Carson Beck / Miami Hurricanes

iStockphoto / © Charles LeClaire-Imagn Images


The ACC will have a representative in the College Football Playoff. The Miami Hurricanes made the 12-team field following a 10-2 output in the 2025 season.

There was concern that the league would be snubbed from national championship contention after Duke’s win over Virginia in the conference title game. The committee prevented that possibility from become reality during the selection process.

The ACC found itself in a predicament when the Blue Devils made the championship contest. Duke was 7-5 with losses to Tulane and UCONN. It was awarded a tiebreaker win after finishing the year in a five-way deadlock for second place in the league standings.

A win over the Cavaliers would give the ACC a five-loss champion unlikely to make the CFP field. It came to fruition when the Blue Devils beat UVA in overtime.

Duke’s win opened the door for JMU and Tulane to make the College Football Playoff as Group of Five champions. It also presented the possibility of stripping the ACC of a $4 million paycheck.

The committee made sure it didn’t happen.

The Miami Hurricanes made the CFP.

Prior to championship week, Notre Dame was ranked ahead of Miami. That standing was controversial in and of itself due to the Hurricanes’ head-to-head win over the Irish.

The committee made things all the more confusing on Sunday.

Neither team played on championship Saturday. Nothing happened on the field that would impact their rankings. Nevertheless, their positions changed.

Miami was ahead of Notre Dame in the final CFP ranking. The committee says that BYU’s loss to Texas Tech in the Big 12 Championship was the reason.

“Once we moved Miami ahead of BYU, then we had that side-by-side comparison that everyone had been hungering for, with Notre Dame and Miami,” said committee chair Hunter Yurachek. “The one metric we had to fall back on was the head-to-head.”

Miami and Notre Dame were separated by two spots in the previous rankings.

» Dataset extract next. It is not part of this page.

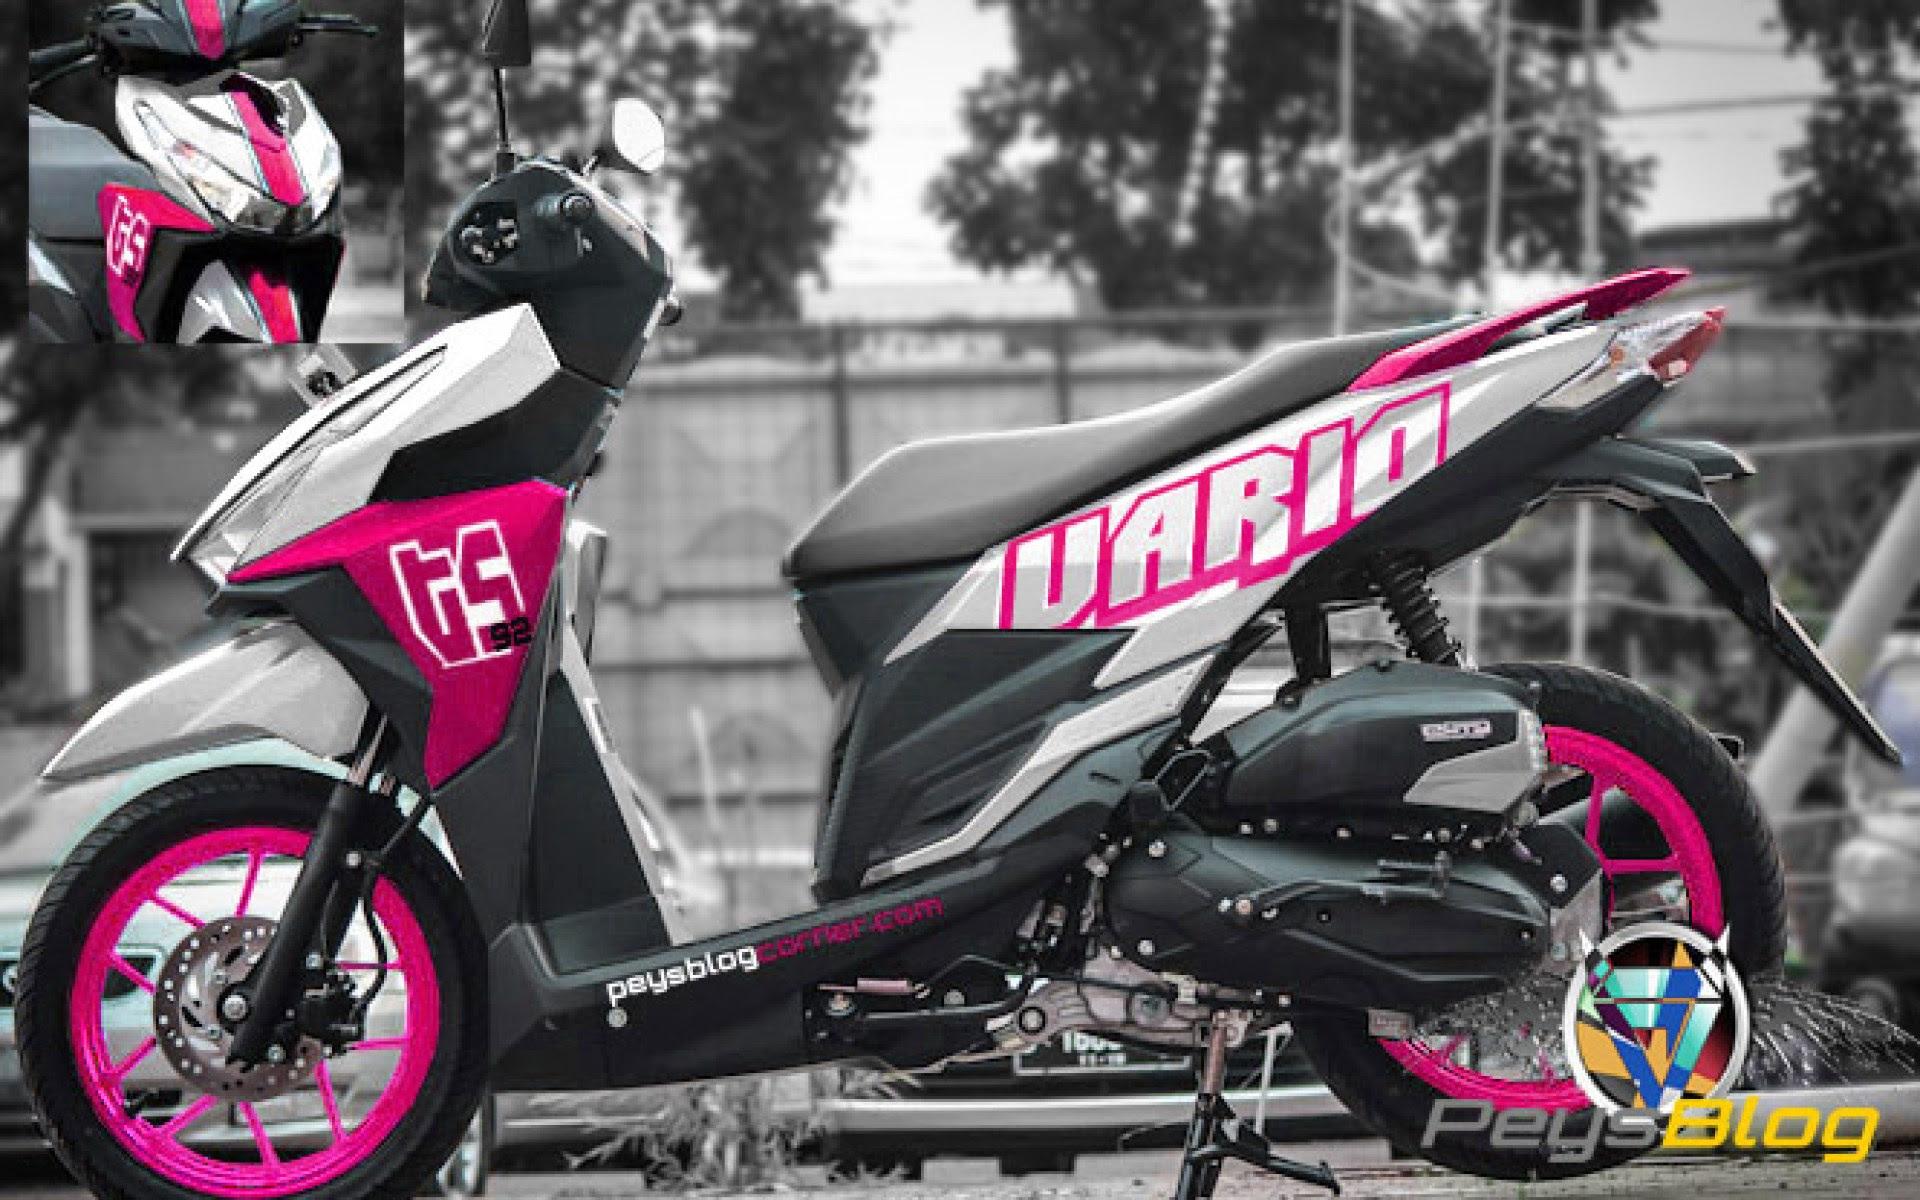 74 Gambar Modifikasi Motor Warna Pink Terbaru Kakashi Modifikasi

The College Football Playoff committee refused to use head-to-head results when not side by side.

BYU dropped after their latest loss. It allowed the Hurricanes to slide up next to the Irish. Now, head-to-head became a factor.

The decision didn’t make a ton of sense regardless of which team was more deserving. It did, however, save ACC officiating from controversy.

The ACC will have a playoff team.

That will prove beneficial. The College Football Playoff pays out $4 million to the conference for each team that makes the field. The ACC will not be snubbed.

Prior to the final rankings reveal, a controversial clip from Duke’s win over Clemson surfaced on social media. The Blue Devils were awarded a questionable interference call on an incomplete pass that would’ve ended the game.

Duke got another shot with the free first down. Trailing by a touchdown, they later scored and converted a two-point play to win the contest.

That victory would prove to be the difference at season’s end given the five-way tie for second place. It allowed the Blue Devils to win the ACC title.

Had the league been robbed of playoff representation because of that championship result, the debatable interference call might’ve received more attention.

The College Football Playoff committee shielded officiating from controversy. The Miami Hurricanes will secure the $4 million ACC payday.